La X Cumbre de las Américas, que se celebrará en diciembre de 2025 en Punta Cana, República Dominicana, adquiere particular relevancia en un momento de crecientes tensiones políticas y redefiniciones del multilateralismo regional. En esta ocasión, el país anfitrión y la Secretaría de la Cumbre de la OEA han definido como tema principal la seguridad humana, entendida como un concepto que engloba la seguridad ciudadana, alimentaria, hídrica y energética. Este enfoque no es casual: plantea un reto jurídico-público para los países de la región, pues exige instrumentos legales e institucionales que trasciendan la cooperación diplomática para responder a crisis complejas e interconectadas.
La República Dominicana ostenta la presidencia pro tempore del Proceso de Cumbres de las Américas y ha venido coordinando los trabajos preparatorios junto con la Secretaría de Cumbres de la OEA. Se han realizado diversos diálogos de políticas preparatorios sobre seguridad alimentaria, hídrica, energética y crimen organizado con participación estatal y de actores sociales. Asimismo, se han programado encuentros con la sociedad civil y el sector empresarial para alimentar la agenda.
Uno de los puntos más polémicos ha sido la decisión del gobierno dominicano de no invitar a Venezuela, Cuba y Nicaragua, a quienes califican como dictaduras que no participan del sistema de la OEA. Esto ha generado críticas desde distintos sectores que interpretan la medida como politización de la Cumbre y una afectación al principio de representatividad hemisférica. El tema no es menor en el plano jurídico-diplomático, pues cuando un foro multilateral decide excluir Estados surgen debates sobre legitimidad, derecho internacional y la naturaleza de los compromisos que emanan de estos encuentros.
Incluir la noción de seguridad humana exige articular políticas sectoriales a través de marcos legales sólidos. Los países deberán presentar compromisos y rutas jurídicas para reforzar la cooperación en materia de justicia penal, garantizar derechos sociales en contextos de crisis, crear mecanismos intergubernamentales para la gestión compartida de recursos transfronterizos y establecer estándares comunes para la transición energética responsable y sostenible. No basta con declaraciones: la Cumbre deberá promover la adopción de instrumentos jurídicos nacionales y regionales que puedan ser objeto de seguimiento.
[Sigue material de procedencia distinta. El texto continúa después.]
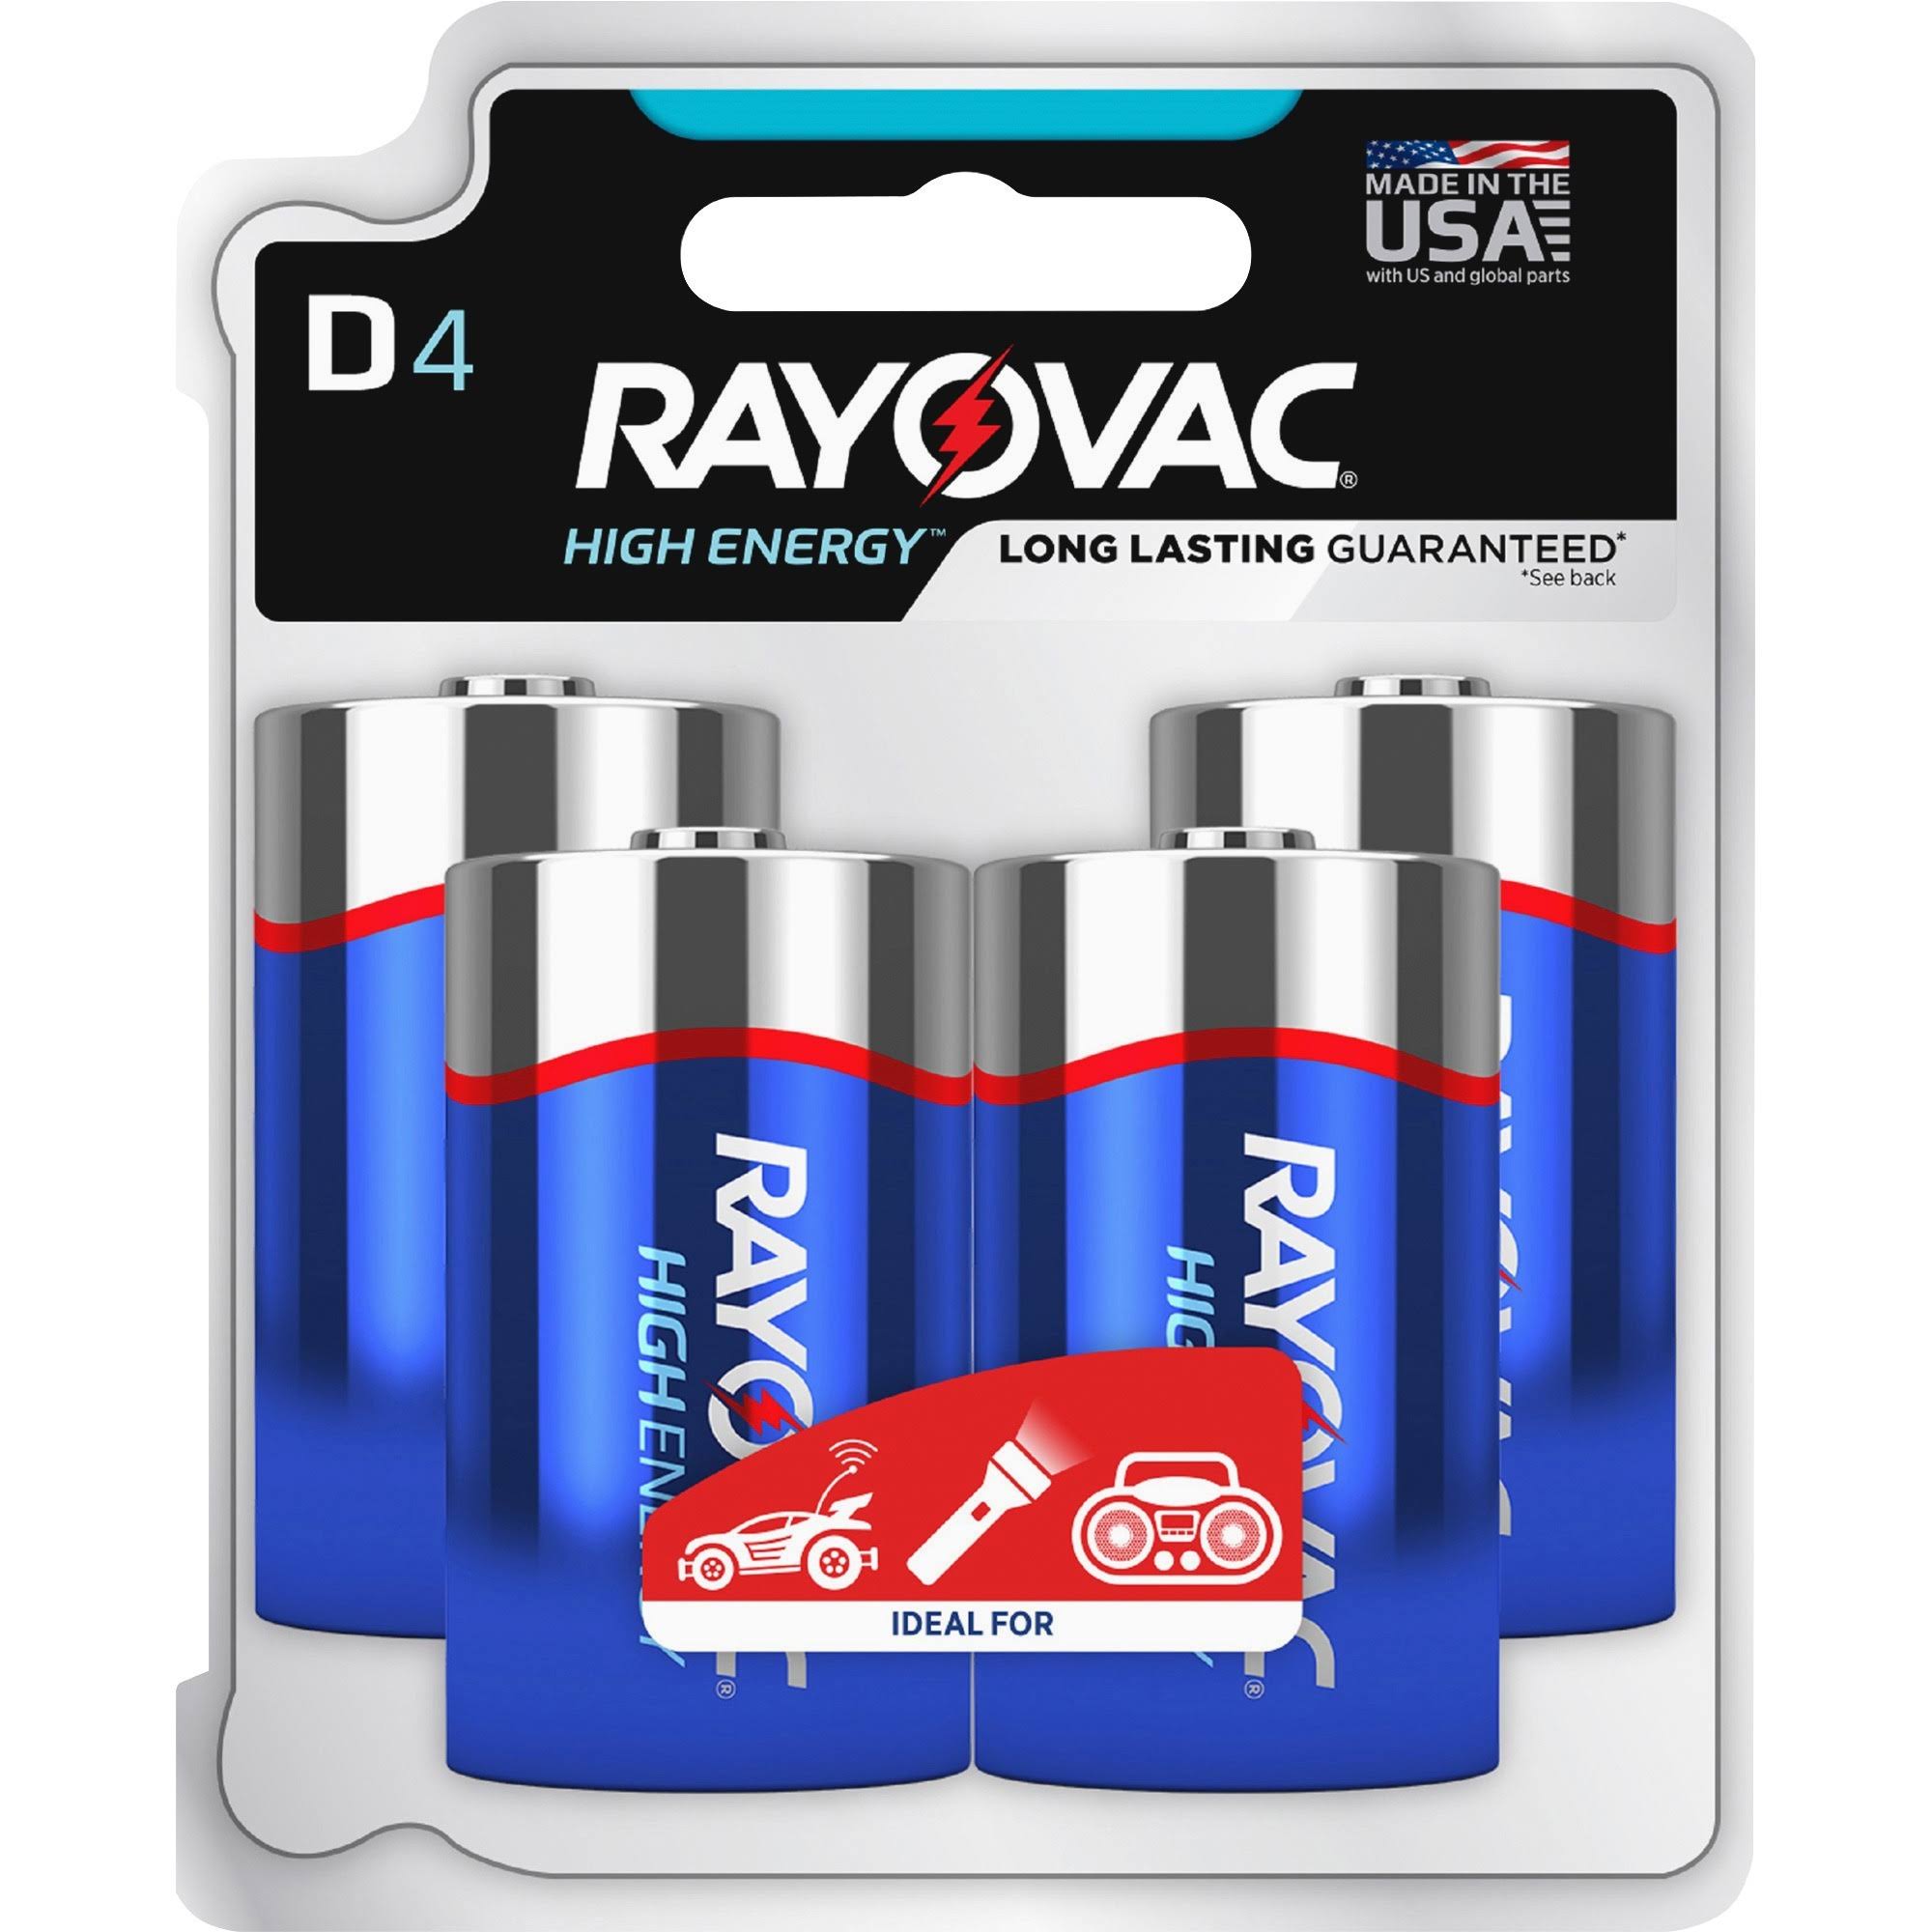 Rayovac High Energy Alkaline D Batteries - 1.5V, 4pcs

Uno de los retos más importantes es la tensión entre soberanía y cooperación. Para muchos Estados el límite entre coordinación y cesión de autonomía es delicado, y acordar mecanismos comunes puede verse como pérdida de soberanía. En este contexto, las delegaciones deberán negociar cláusulas que permitan coordinación sin impedir que cada país mantenga su capacidad normativa interna. También surge el dilema de la representación, pues la exclusión de algunos gobiernos vislumbra un debate sobre cómo garantizar legitimidad política sin comprometer principios institucionales del foro.
Un déficit histórico de las Cumbres ha sido la falta de mecanismos sólidos de implementación y seguimiento. Para que la edición 2025 tenga un valor real, es indispensable definir metas medibles, establecer cronogramas precisos, crear órganos de seguimiento con participación multisectorial, garantizar transparencia y, en lo posible, avanzar hacia instrumentos jurídicos vinculantes.
La X Cumbre de las Américas 2025 representa una oportunidad para redefinir el rol del derecho internacional regional en América Latina y el Caribe. Si logra articular compromisos sostenibles y mecanismos de rendición de cuentas, podría marcar un antes y un después en la gobernanza hemisférica. Pero ello dependerá de la voluntad política, el diálogo inclusivo y la capacidad de transformar debates en normas y acciones concretas.